El paisaje de la favela se pierde, subimos una rampa que nos sumerje al interior del gigante por donde vamos percibiendo un murmullo que adentro va creciendo y se convierte de pronto en un coro de cientos de gargantas. Estamos adentro, en el vientre del Maracaná. “Dale dale dale oooo… dale dale dale oooo… dale dale dale oooo… Mengão do meu coração!”, gritan los flamenguistas. Y los vascaínos contestan: “Vasco, meu velho amigo, nesta campanha estarei sempre contigo!”.

Son las 6:15 pm. Escuchamos un trueno. Comienza a caer una llovizna y el flash de un relámpago ilumina una cortina de miles de gotas. Los flamenguistas y los vascaínos dejan de cantar sus himnos. De repente un viento de torbellino empuja la lluvia por las graderías en todas direcciones. Las mujeres gritan, los hombres maldicen y los niños corren para quedar bajo techo. A mi lado, un joven moreno, dice empapado bajo el aguacero: “¡Parece que va a llover!”. Y varios de sus amigos sueltan una carcajada.

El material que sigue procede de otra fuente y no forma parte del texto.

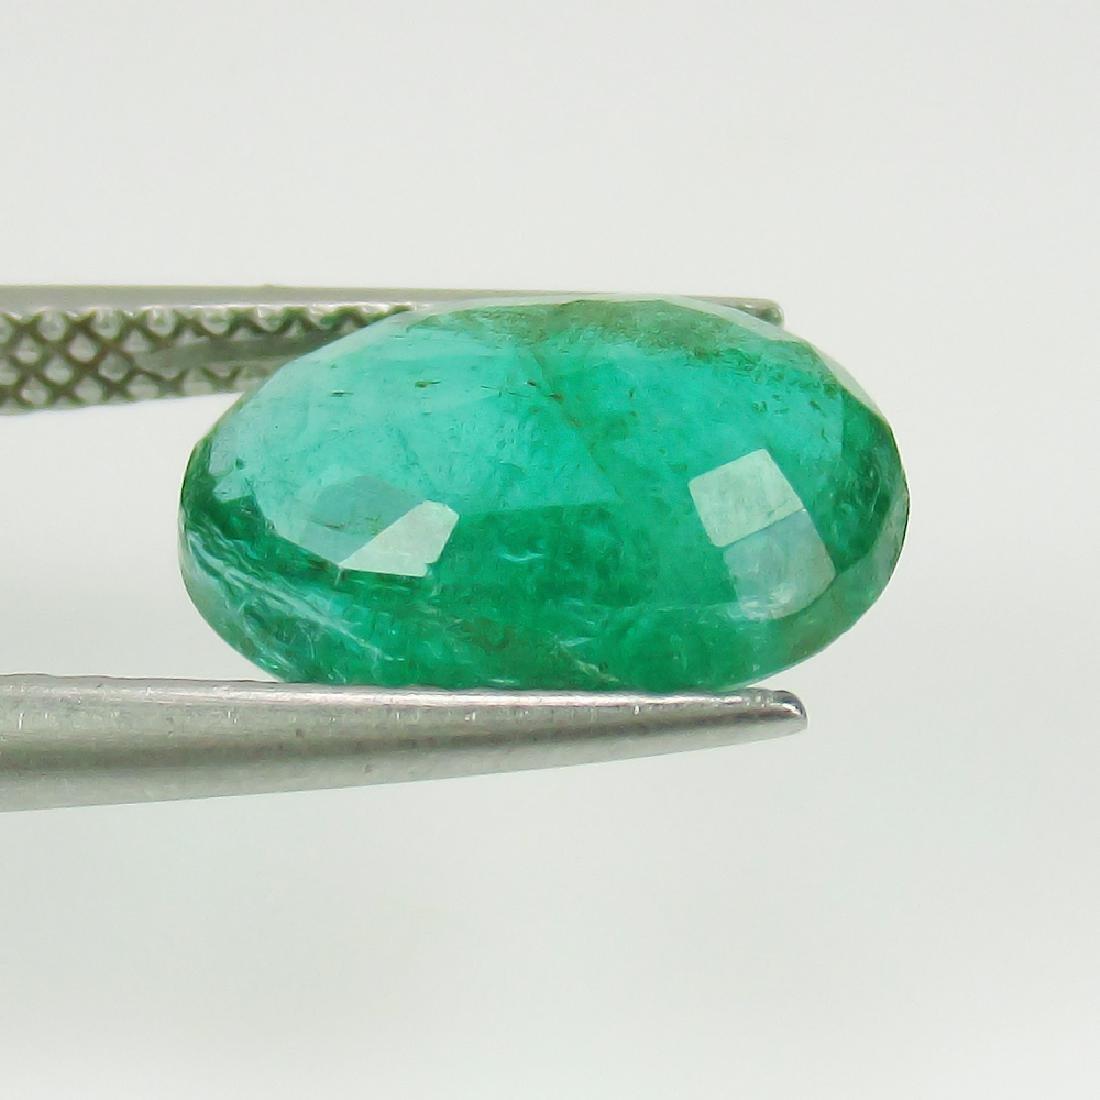 2.75 Ct IGI Certified Genuine Zambian Emerald Top Green - 3

El Maracaná es un teatro que construye sueños o los deja en ruinas. “El paisaje de una construcción y de unas ruinas es muy parecido”, me dijo un profesor brasileño de literatura. Una leyenda cuenta que en 1950, cuando se realizó en Brasil la Copa del Mundo, las autoridades brasileñas inauguraron el estadio Maracaná prometiendo que pintarían al coloso con los colores del equipo que ganara el mundial de aquel año. Todos esperaban que Brasil, el país sede y el máximo favorito, ganaría aquella Copa del Mundo. Era casi un hecho: el estadio sería pintado de blanco, el color del uniforme que en aquel entonces usaba la selección de Brasil. Pero sucedió lo inesperado. Uruguay ganó 2 a 1. Uruguay, campeón del mundo… En la historia del fútbol esa tragedia brasileña es conocida como “el Maracanazo”. El equipo de Brasil nunca más volvió a usar una camiseta blanca y, desde entonces, las sillas del primer nivel del Maracaná son del color de Uruguay, celestes.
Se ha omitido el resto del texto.